The messaging on how long the war is expected to last is rather muddled on both sides. The Trump administration fluctuates more than daily - and even sometimes in the same speech - on whether the war is already won or whether it’s going to last months longer. The US seems to be coming up a new possible scheme every few hours: a ground invasion with the Kurds? A ground invasion without the Kurds? An amphibious assault? A series of commando operations to steal Iranian uranium? A massive parachuting operation into Tehran? Fuck it, let’s just send the Navy into the Strait of Hormuz?

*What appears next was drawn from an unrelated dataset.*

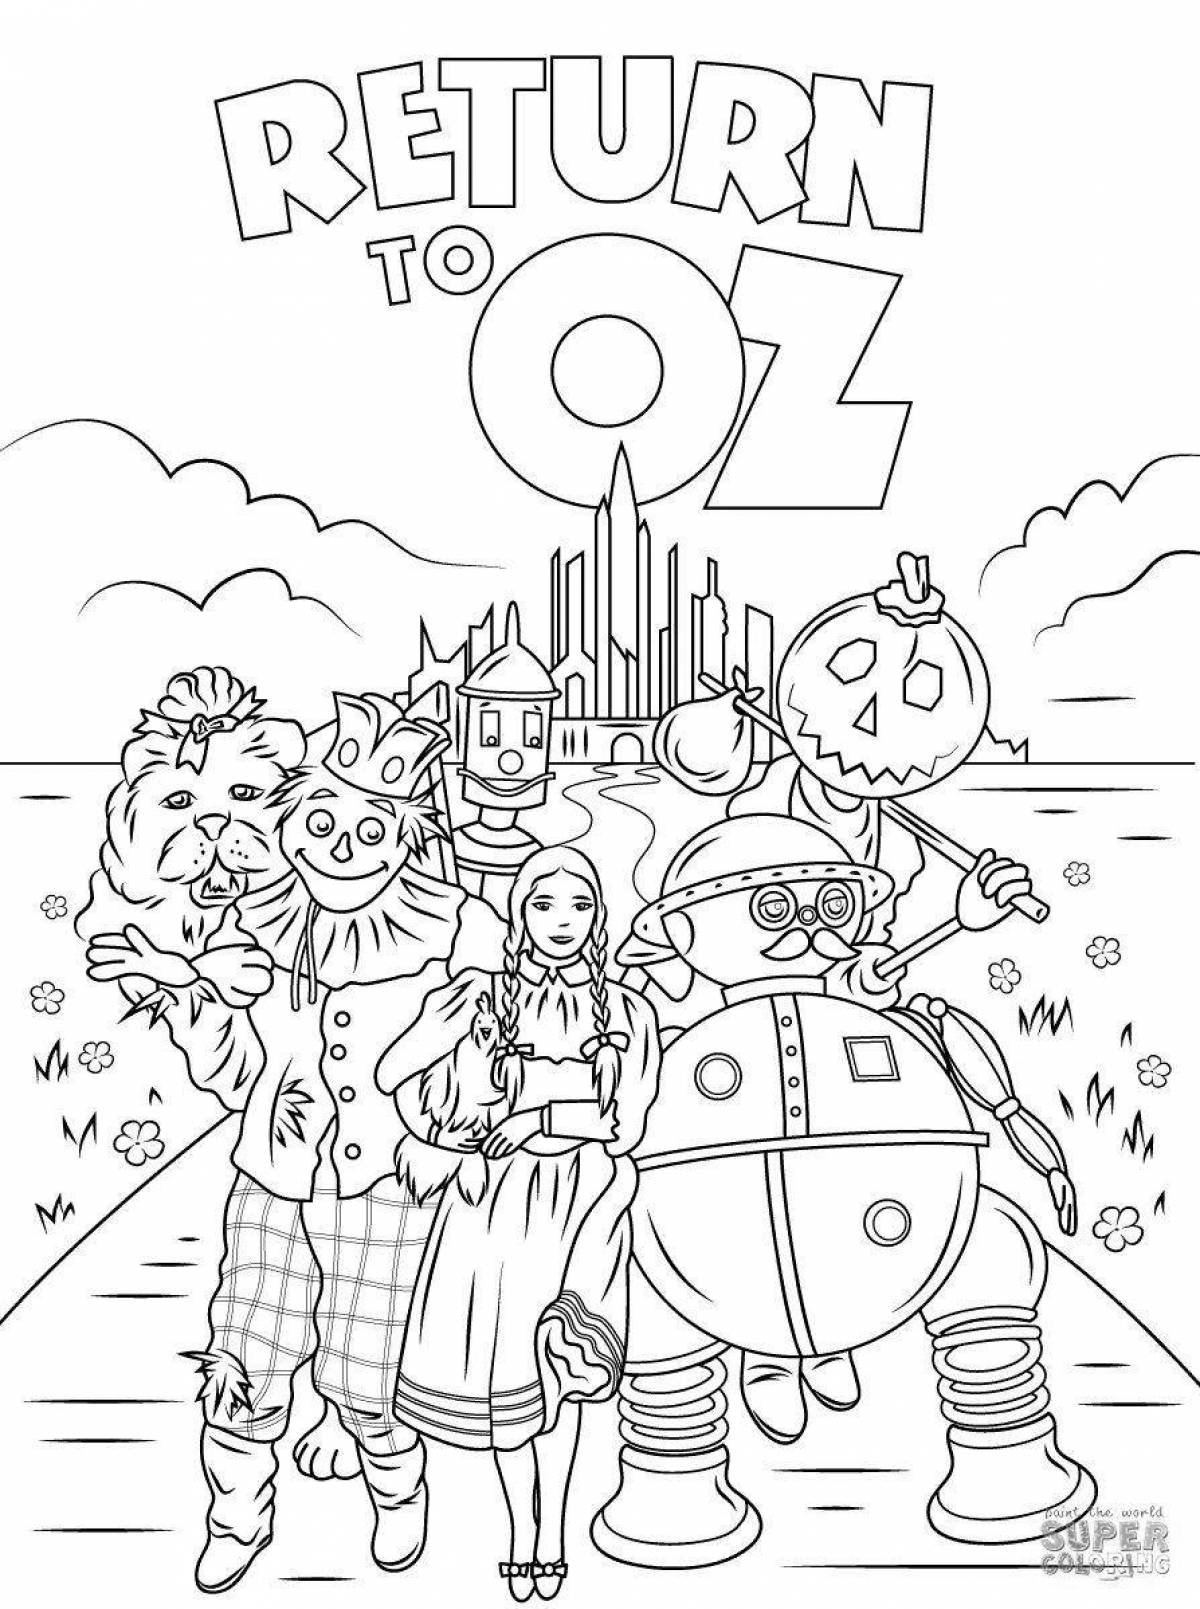 Ellie's holiday coloring page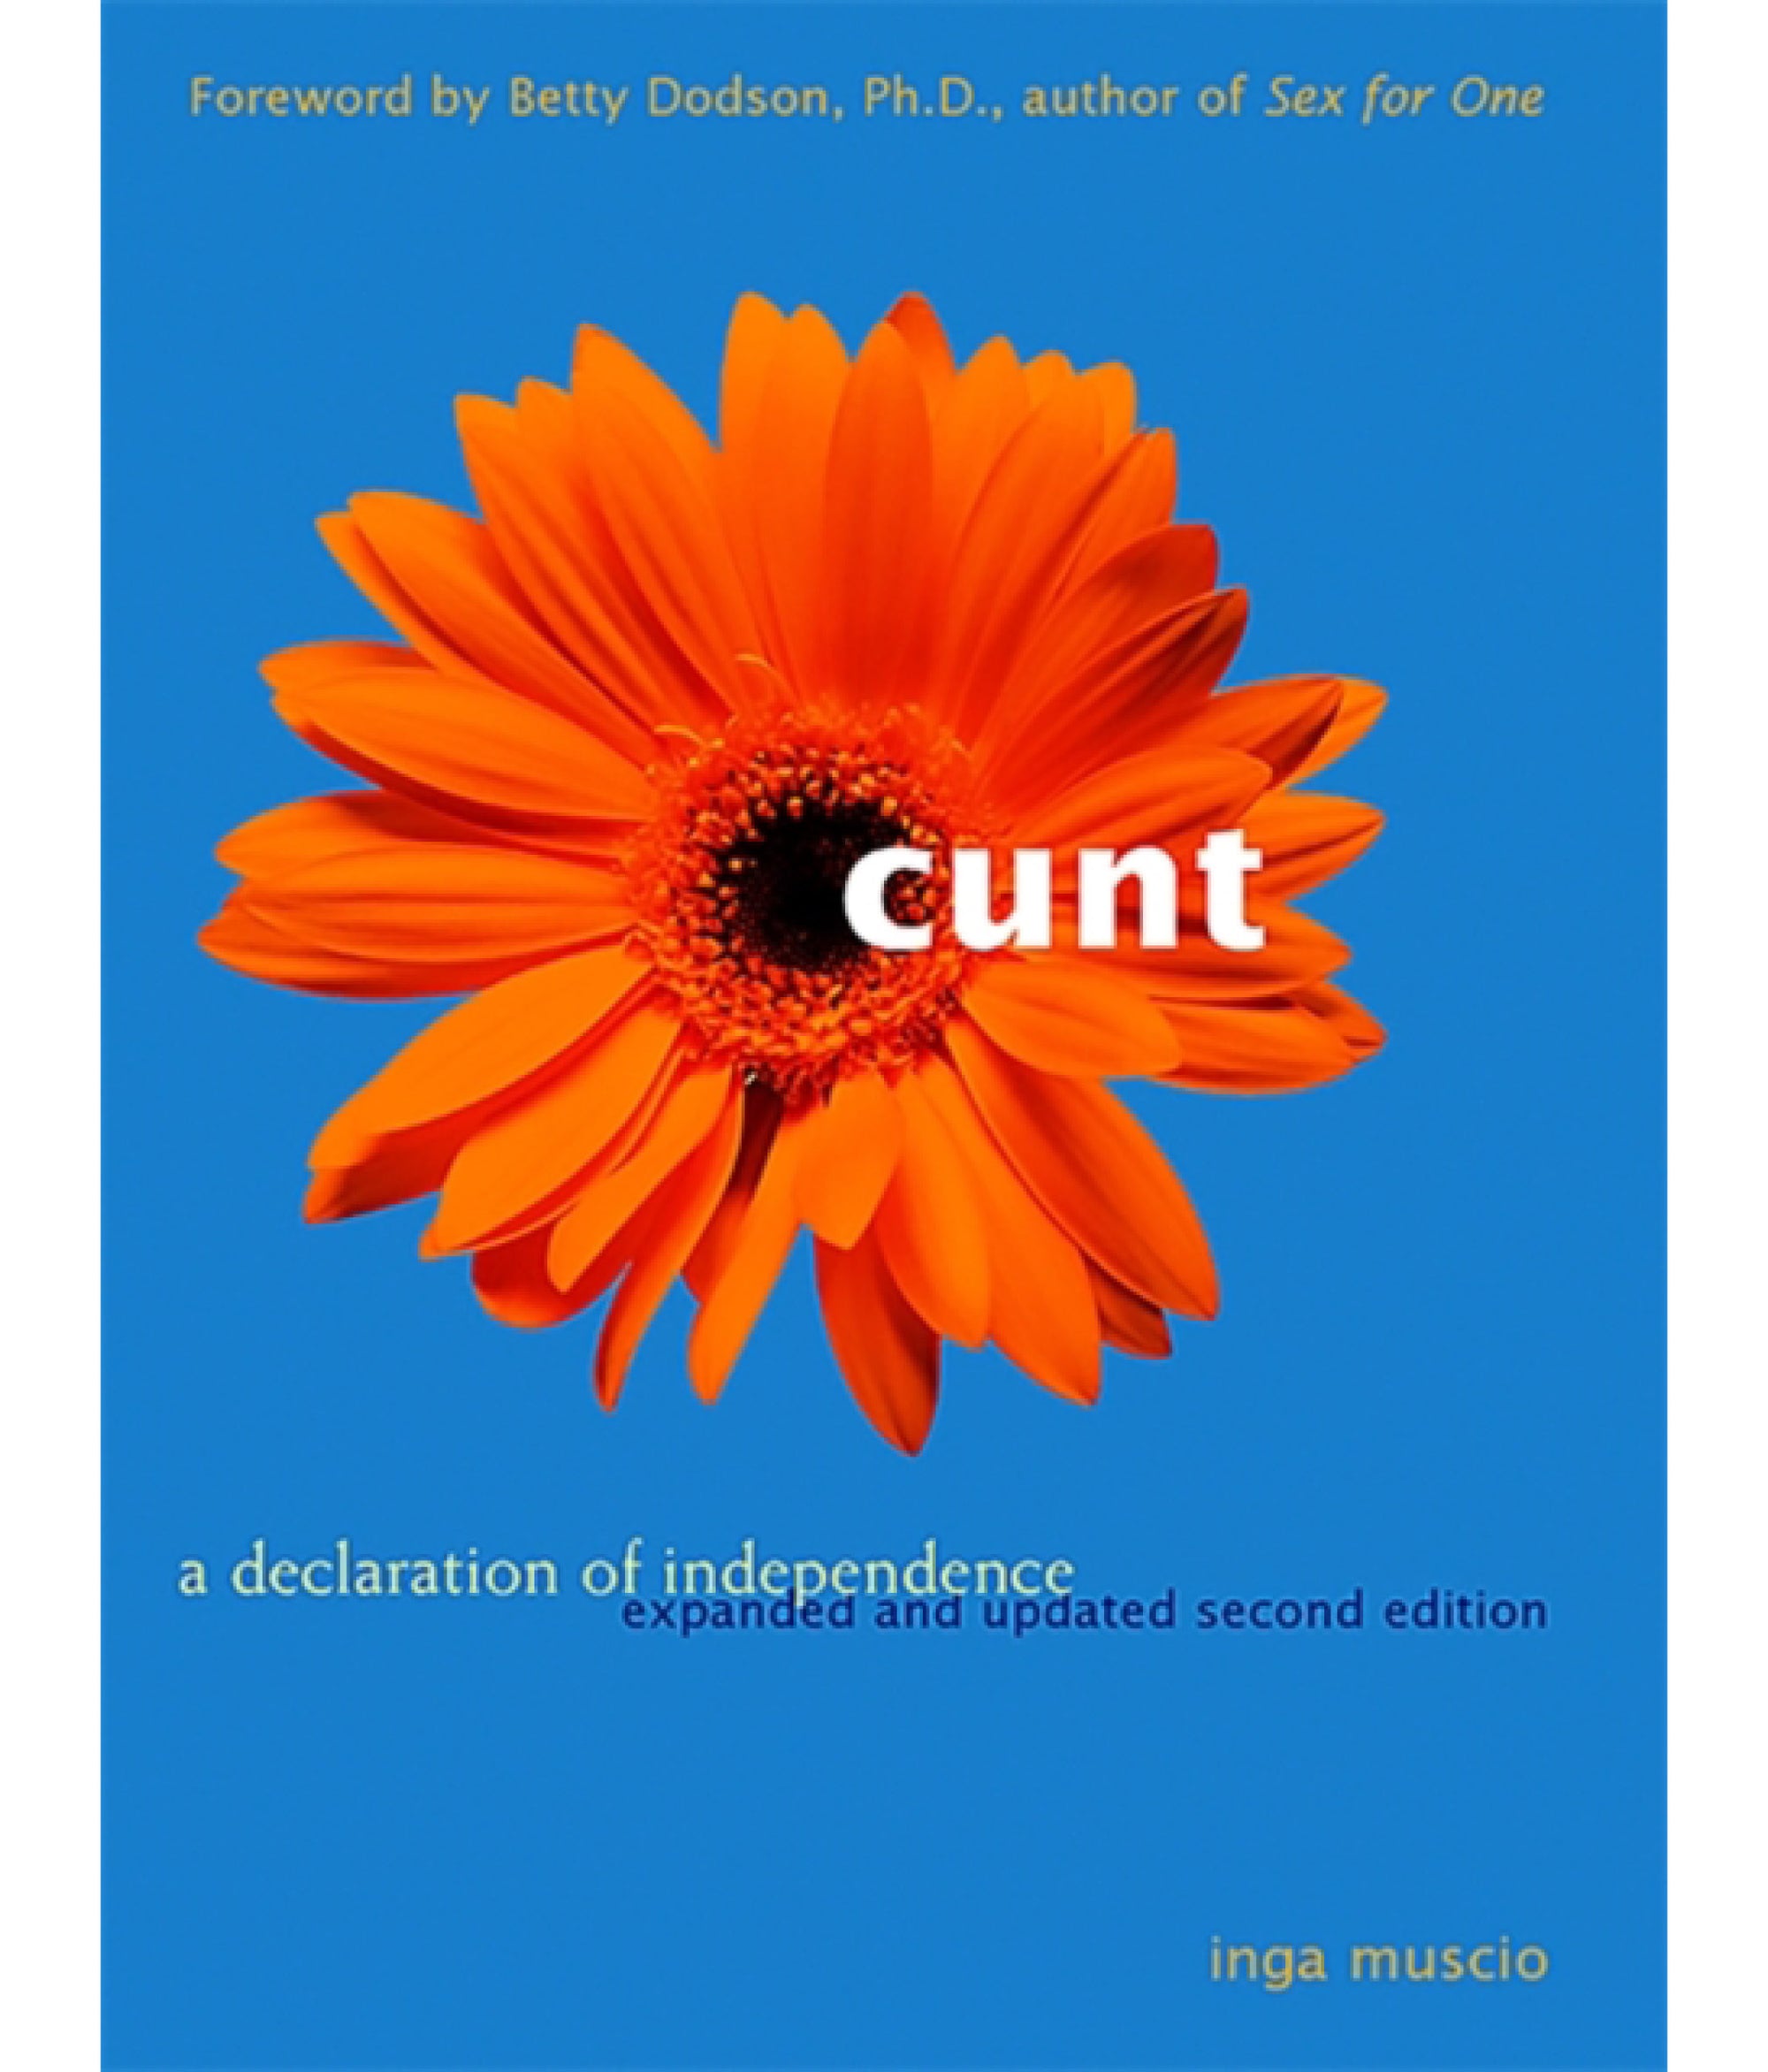 Cunt: a declaration of independence by Inga Muscio

There doesn’t seem to be a coherent plan for continuing hostilities beyond firing more and more of a limited stockpile of cruise missiles into mostly non-military targets, hitting easily replaceable drone and missile launchers with a limited stockpile of drones, and burning a limited stockpile of interceptors at an astounding rate (and, in the process, disarming every other Western-aligned country of their interceptors).
Meanwhile, from Iran, I’ve seen rumors and reports from classic anonymous “senior IRGC officials” (no doubt some invented by Zionists to sow confusion), that I don’t know how to substantiate, ranging anywhere from “If the US pulls back their forces now, we will restart negotiations,” to “It doesn’t matter what the US or the Zionists do or say, we aren’t stopping until every last trace of Zionism in the Middle East has been extinguished,” to a few positions in between those poles. Despite the damage to infrastructure in Iran, it doesn’t seem like there has been any political or social fracturing. Not to speak too soon - perhaps the West will start earnestly trying to overfly Iranian territory to drop their very plentiful bombs soon - but every indication is that there will be no regime change nor societal collapse in Iran in the short and medium term.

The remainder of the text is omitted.